The strip steel surface defect identification method that the embodiment of the present invention provides, it is achieved by the defect recognition model of foundation to carrying
After the various features taken is identified, the defect information of image can be fast and accurately identified, substantially increase the knowledge of defect
Not rate, the accuracy of the defect identified is the highest, and can effectively overcome geometry, optics invariance and rotatory special to image
Levying the problem that description is brought, the discrimination for area-type defect is the highest.
Fig. 6 is the schematic diagram of a kind of steel strip surface defect identification device of one embodiment of the present invention.See Fig. 6, should
Device includes:
Set up module S1, be used for setting up defect recognition model;
Acquisition module S2, is used for obtaining belt steel surface picture;
Pretreatment module S3, for carrying out pretreatment to belt steel surface picture;
Extraction module S4, special for extracting the histograms of oriented gradients HOG of the image of pretreated belt steel surface picture
Levy and gray level co-occurrence matrixes GLCM feature;
Identification module S5, for being identified HOG feature and the GLCM feature of extraction by defect recognition model, is determined
Go out the defect information of belt steel surface.

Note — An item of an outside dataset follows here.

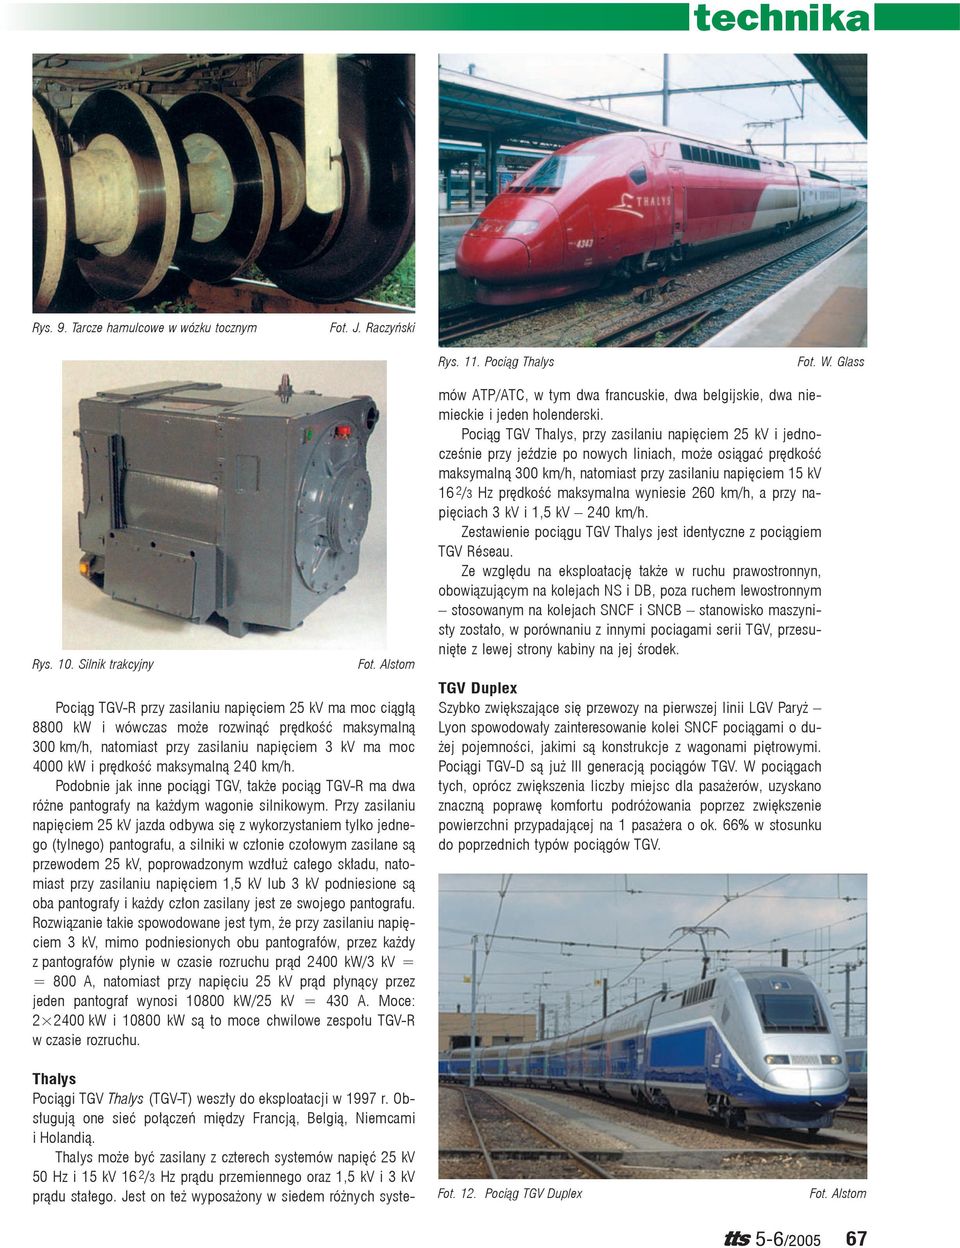 maksymalną 240 km/h. Podobnie jak inne pociągi TGV, także pociąg TGV-R ma dwa różne pantografy na każdym wagonie silnikowym.

In embodiments of the present invention, before the defect of belt steel surface is identified, need to set up module by above-mentioned
S1 sets up defect recognition model, is processed by the characteristics of image of this defect recognition model belt steel surface to extracting, thus
Identify the defect information of belt steel surface.
Above-mentioned module S1 of setting up includes acquiring unit, extraction unit, integrated unit, fitting unit, computing unit, improvement list
Unit, training unit and set up unit.
Acquiring unit, is used for obtaining strip steel samples pictures.
Above-mentioned strip steel samples pictures is the belt steel surface picture of existing defects, wherein, according to the difference of defect type, above-mentioned
Acquiring unit can obtain every kind of belt steel surface picture corresponding to defect type, by strip steel corresponding for the number of drawbacks type of acquisition
Surface picture is as strip steel samples pictures.Extraction unit, for extracting HOG feature and the GLCM of the image of strip steel samples pictures
Feature.
In embodiments of the present invention, said extracted unit, when extracting the characteristics of image of strip steel model picture, needs to extract
The HOG feature of strip steel samples pictures and GLCM feature.
Above-mentioned HOG feature and GLCM feature can describe the feature of the image of belt steel surface in detail, all sidedly, by carrying
Take HOG feature and the GLCM feature of belt steel surface, can be efficiently against the illumination invariant of the image of belt steel surface and rotation
The problem of turning property.
Integrated unit, is carried out the HOG feature of image and the GLCM feature of image for the method using stepping to add up
Merge, obtain organizing weight factor more and often organizing the recognition accuracy that weight factor is corresponding.
Above-mentioned integrated unit includes:
Subelement is set, for arranging the weight of HOG feature, the weight of GLCM feature and weight constraints condition;
Second statistics subelement, for adding up step-length according to weight constraints condition;
Second determines subelement, for determining the weighted value span of HOG feature according to the step-length of statistics, and determines
The weighted value span of GLCM feature;
Computation subunit, for the weighted value span according to HOG feature and the weighted value value model of GLCM feature
Enclose, be calculated many group weight factors and often organize the recognition accuracy that weight factor is corresponding.
In embodiments of the present invention, it is preferable that integrated unit uses the method for stepping statistics to HOG feature and GLCM spy
Levy and merge, specifically can be by the fusion side provided in a kind of strip steel surface defect identification method of offer in above-described embodiment
Method merges, and does not repeats them here.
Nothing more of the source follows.